孔雀王帶著子民們從地底爬了出來,漂亮的尾羽上全是髒兮兮的土渣,委屈扭頭看了眼地底。
狼王沒有現身,而是帶著一眾妖靈回萬惡淵。
而此時的萬惡淵裡,閉關多日的風嶺穩穩坐鎮,天陣門最擅長的催生陣法通過先前妖獸們挖開地道盡數籠罩在地面里,在地洞裡布陣法這種老本行落在風嶺身上簡直如風水順,更別說狼王與孔雀王挖的這條尤其襯心:「所以可以告訴我,為什麼我閉關一個月,出來又是這該死的模樣,這滿城失控的修士到底是發生了什麼!」
萬惡淵的鬼眾賣力解釋:「風嶺大人這說來話長,先把這些髒東西解決了先。」
「老大說,這城裡的一隻血蟲都不能放出去,說干不好下個月淵裡陰氣就減半充公給鎮山獸大人。」
陰氣如同工錢,鬼眾們一點都不敢耽擱。
這蜿蜒的地道就是它們為自己的未來幾月安逸的修煉日子苦命奮鬥的結果,那些土系妖靈都險些挖廢了爪子!

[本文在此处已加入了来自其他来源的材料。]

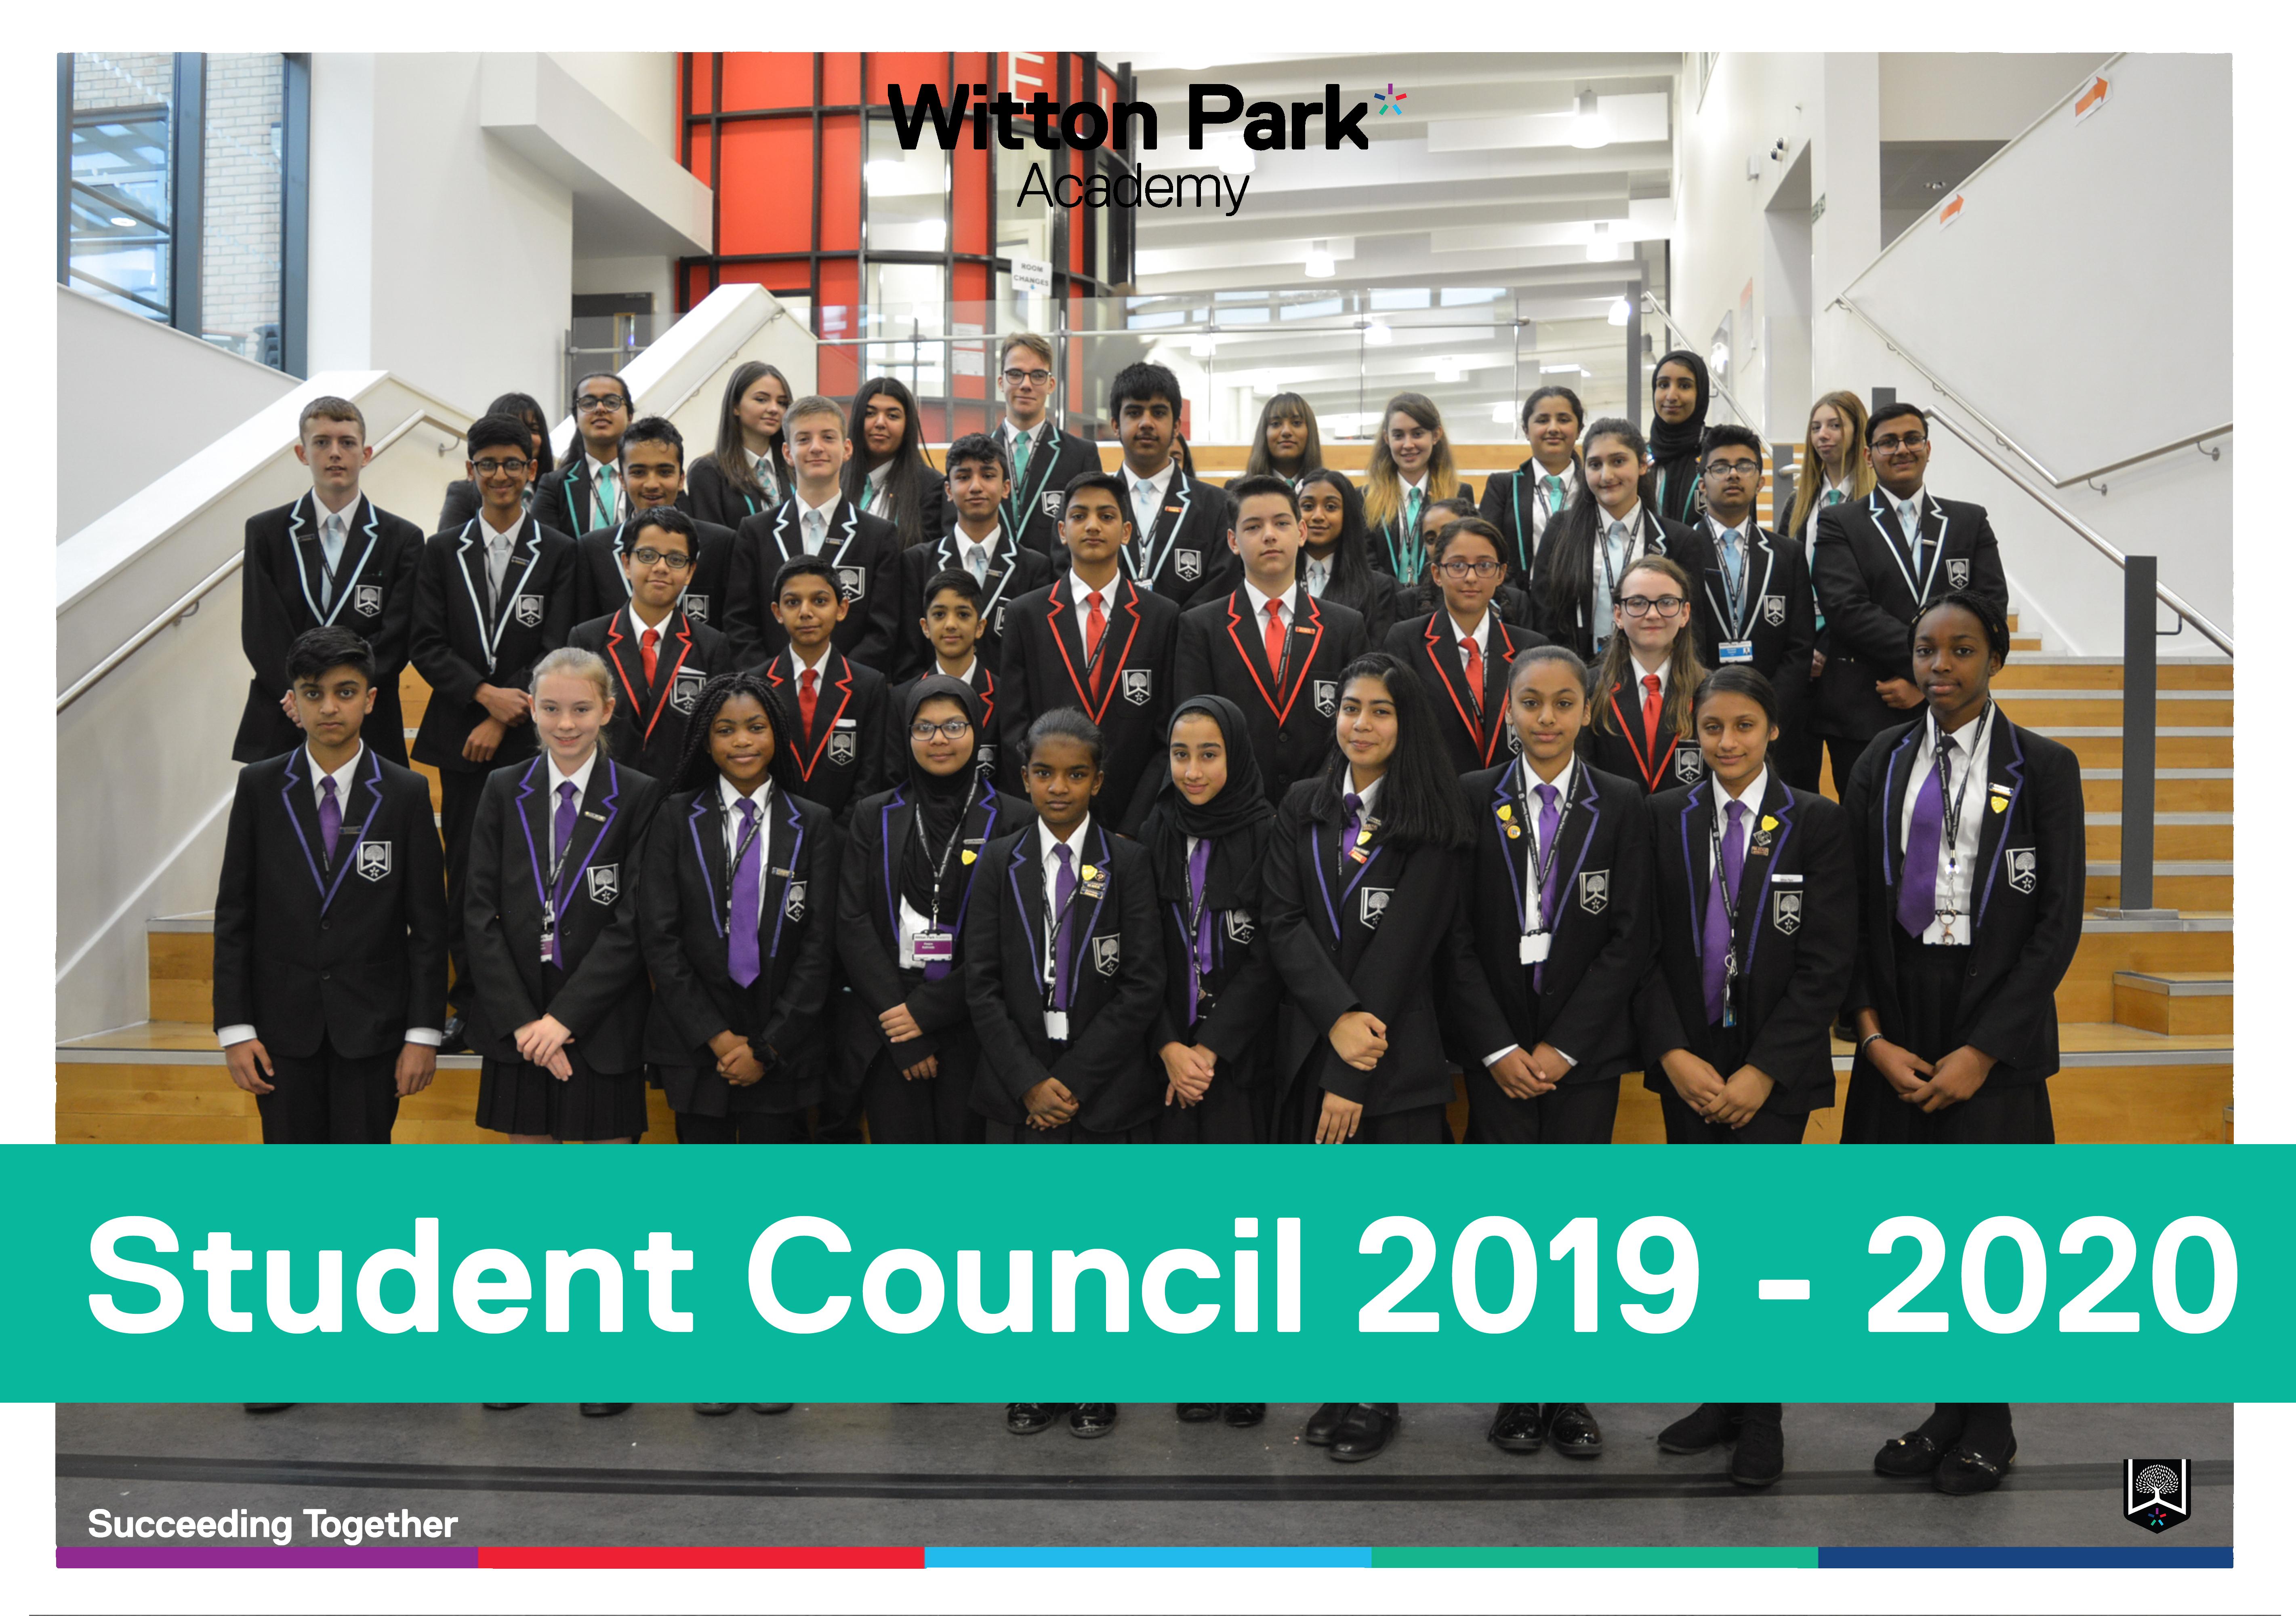 School Council 2019/2020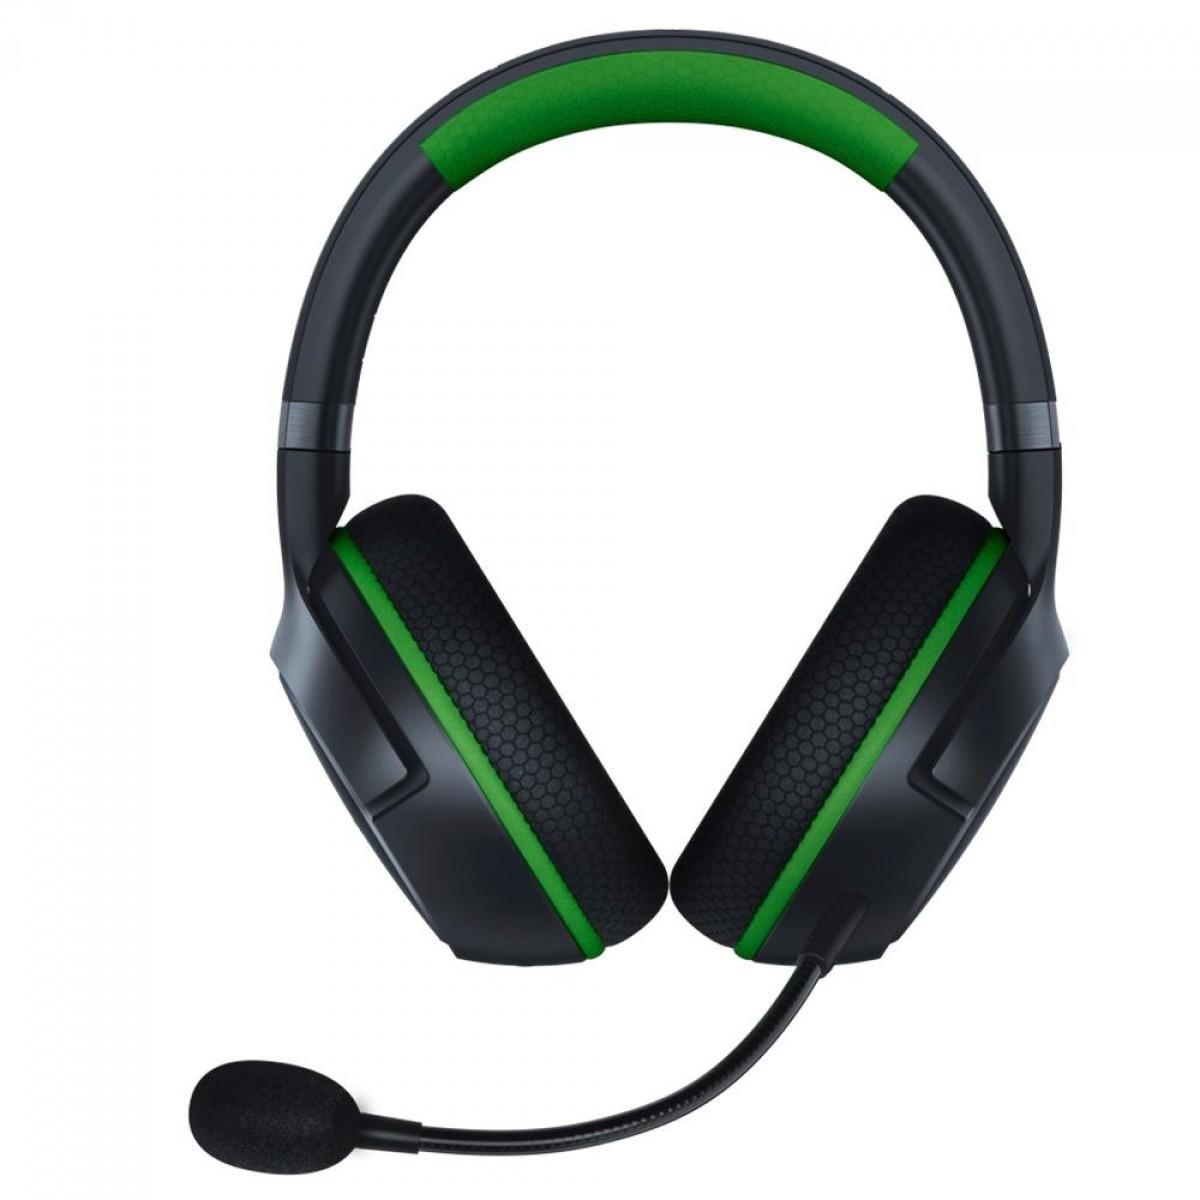 Headset Gamer Razer Kaira Pro, Bluetooth, Xbox, Black/Green, RZ04-03470100-R3U1

忙碌之外,張富貴愣愣地看著一片狼藉的藥田許久,修為的進階的欣喜恍然一空,唯獨活屍坐在他的旁邊,雙手還捧著不知道從哪挖來的藥草,拆東牆補西牆笨拙地安慰著張富貴,「別哭!」
張富貴看著它手心裡的東西,一時半會不知道該開心還是該難過,哪怕齊六說未來都給他種:「……你讓我先緩緩。」
在黃粱夢籠罩啟靈城地底的時候,玄羽莊的寒陣再次出現在啟靈城的街道上,失去黑衣人操控的血蟲修士憑藉本能地跟著玄羽莊的修士,如同追隨食物那樣,被玄羽莊的修士無聲息地引入了早就安排好的寒陣當中。
「六子,你不該給我解釋解釋嗎?」齊衍看向齊六。
齊六道:「哎這種事情,知道的人太多,隔牆有耳嘛!」
而且天知道他有多難,跑去找閉關的風嶺,差點就把自己交代在風嶺的陣法里了。
散修盟的院子內,受困於黃粱夢的散修盟修士們早就清醒過來,被困夢境的後遺症使得他們神情萎靡,啟靈城內的醫修趕來過來,全在收拾此地的殘局。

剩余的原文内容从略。